In summary, we have showed that by simple spreading-drying of a solution of highly stable polymersomes it is possible to get insights about kinetics of polymersome aggregation onto solid supports. The current work has showed the 2D aggregation of polymersomes in an analogous way to bacterial growth under starvation and demonstrated that this aggregation follows a DLA-like model. The patterns formed show a fractal dimension that change according to the polymersome concentration during the drying process. Additionally, the perpendicular growth increases the surface area in analogy to the process of biofilm grow and maturation.

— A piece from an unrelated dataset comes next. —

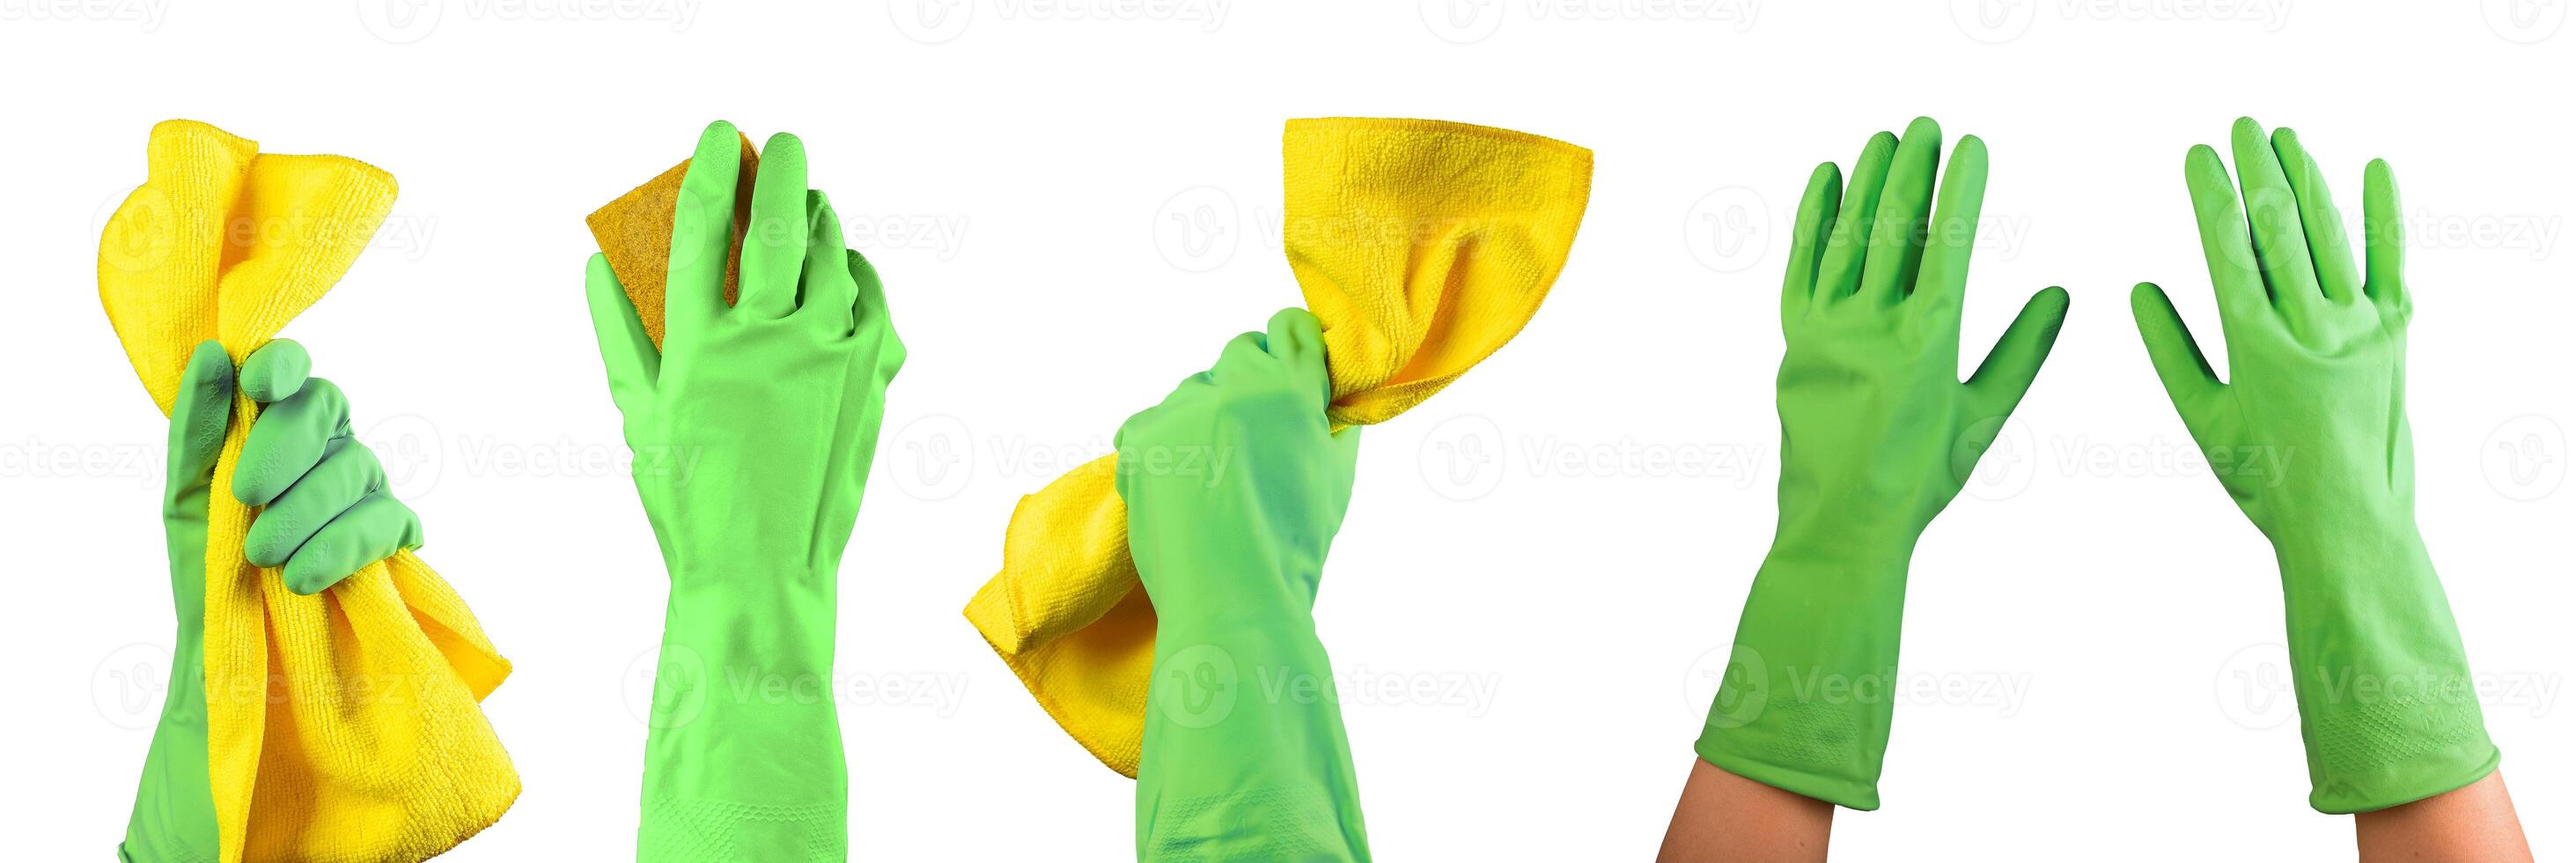 Hand in green gloves holding yellow cleaning polishing microfiber wiper set, isolated on white photo

This method allows the surface functionalization by mimicking the biofilm formation with potential application in biofouling prevention. The structure could be fixed by adding cross-likable methacrylate groups at the PMOXA hydrophobic motif. The outstanding physicochemical properties and biocompatibility of this block copolymer suitable for membrane protein reconstitution can be a valuable tool to develop new nanostructures that mimic fractal patterns in biofilm formation opening new routes for surface modification.